A good residential landscape plan must work both functionally and aesthetically, but choosing the kind of plants you want is the last step of the process. You will first have to do the following:
- Understand the property’s drainage system, soils, and ecology.
- Locating all of the landscape’s existing elements.
- Putting together a “wish list” of useful areas and locating them properly.
- Combining these elements into a successful format.
For help with all of these structural features, be sure to speak to a qualified landscape architect.
Steps for Developing a Landscape Plan
The six steps for coming up with a good landscape plan include:
- Develop a base plan — Also called a “plot plan,” this will show the layout of a property while accurately locating the permanent elements on the surrounding land. In urban areas and developments, lots will have to be evaluated with survey and construction tools that show the property’s edges, setback and rights of way, building and pavement locations, as well any other permanent site elements.
- Perform a site inventory and analysis — Take a clean sheet of tracing paper and tape it over your base plan. This document should be labeled “site inventory and analysis,” which is a list of all the site elements and environmental factors that weren’t listed on the base plan. A site analysis is an evaluation or judgment of all the site elements.
- Evaluate your specific needs — Once you have a base plan and a better understanding of the site, you’re ready to list all of your proposed use areas. This should include your needs and wants. Do you use certain areas (such as an open lawn) for pets? You may want a space for outdoor cooking, sunbathing, lounging or reading. What types of outdoor entertaining do you need, and how big do these areas need to be? You may require other recreational areas for you and your family.
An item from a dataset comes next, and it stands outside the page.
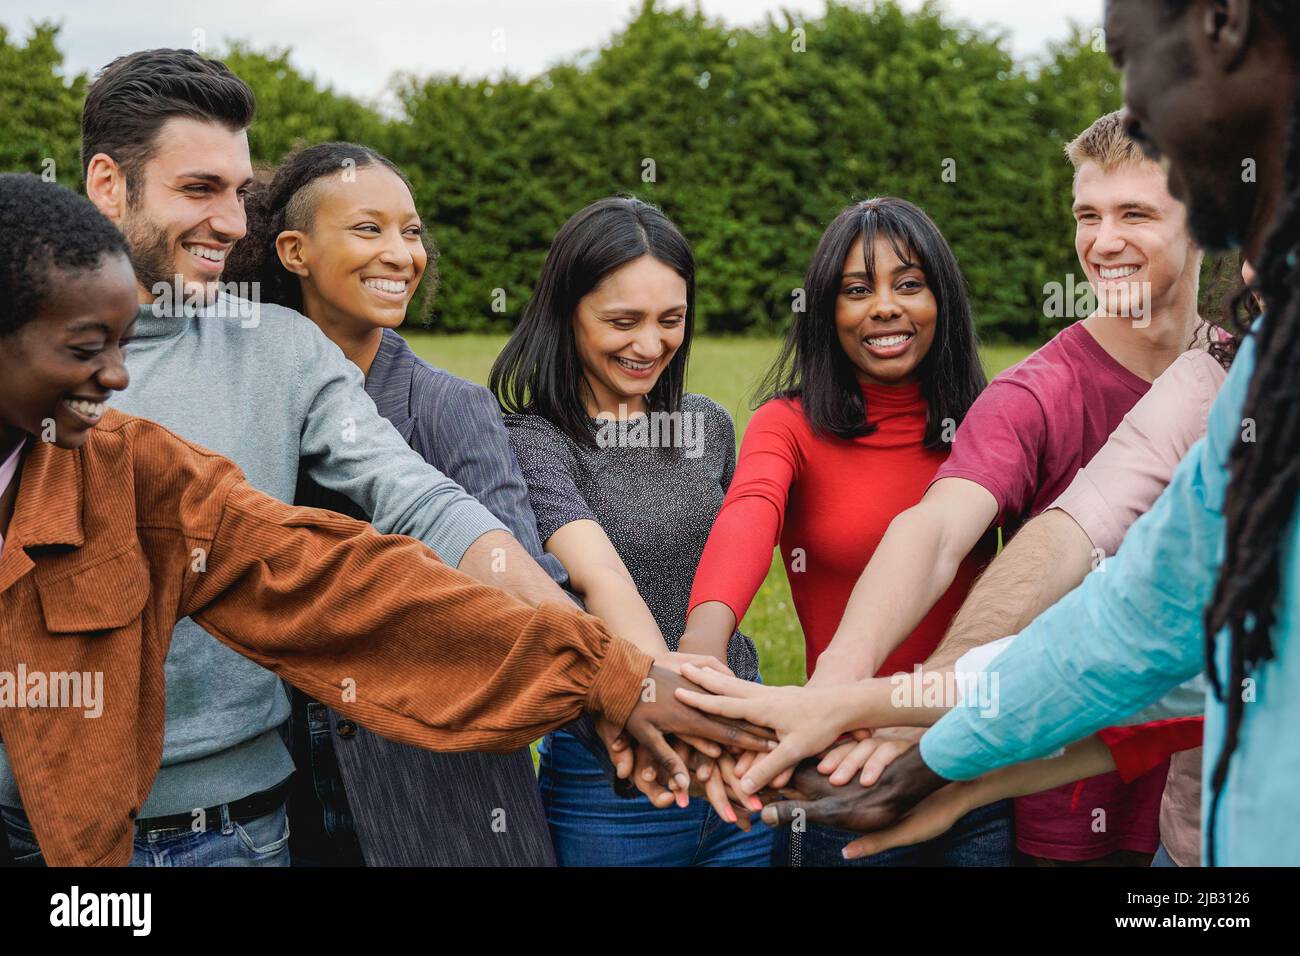 Junge, multiethnische Gruppe von Menschen, die ihre Hände im Freien stapeln - Konzept der Teamwork-Vielfalt und -Einheit Stockfoto

- Develop outdoor use areas — It’s easier to develop outdoor use areas separately before you use construction tools to put them together into an overall plan. Imagine yourself in that space as you develop your ideas, and you could draw inspiration from garden magazines or books that have other successful spaces. To get a rough idea of the space’s size, take a garden hose and roughly trace the outline of the area. Move the hose around so you can adjust the size of the space until you have it at the right scale and form. It’s also best to select building material types and forms that will fit with the character of your home and its surrounding area.
- Develop a planting plan — Come up with a general list of all the plants that will work with each of the site’s unique conditions. And depending on your landscape, organize your list according to various conditions. From there, you can combine them in a way that complements the space and each other. Planting plans will typically start with large shade trees. From there, you can move to understory trees, large shrubs, and then to smaller plants.
- Put it all together — Take another sheet of paper and label it “preliminary plan.” Use it to put together your ideal vision of each space to scale, and continue to refine it until each issue has been completely resolved.
- Establish your priorities — After you have put it all together, make a list of all your priorities before you implement your design plan. Decide which areas need to be developed first, and get them done one at a time according to your budget and schedule.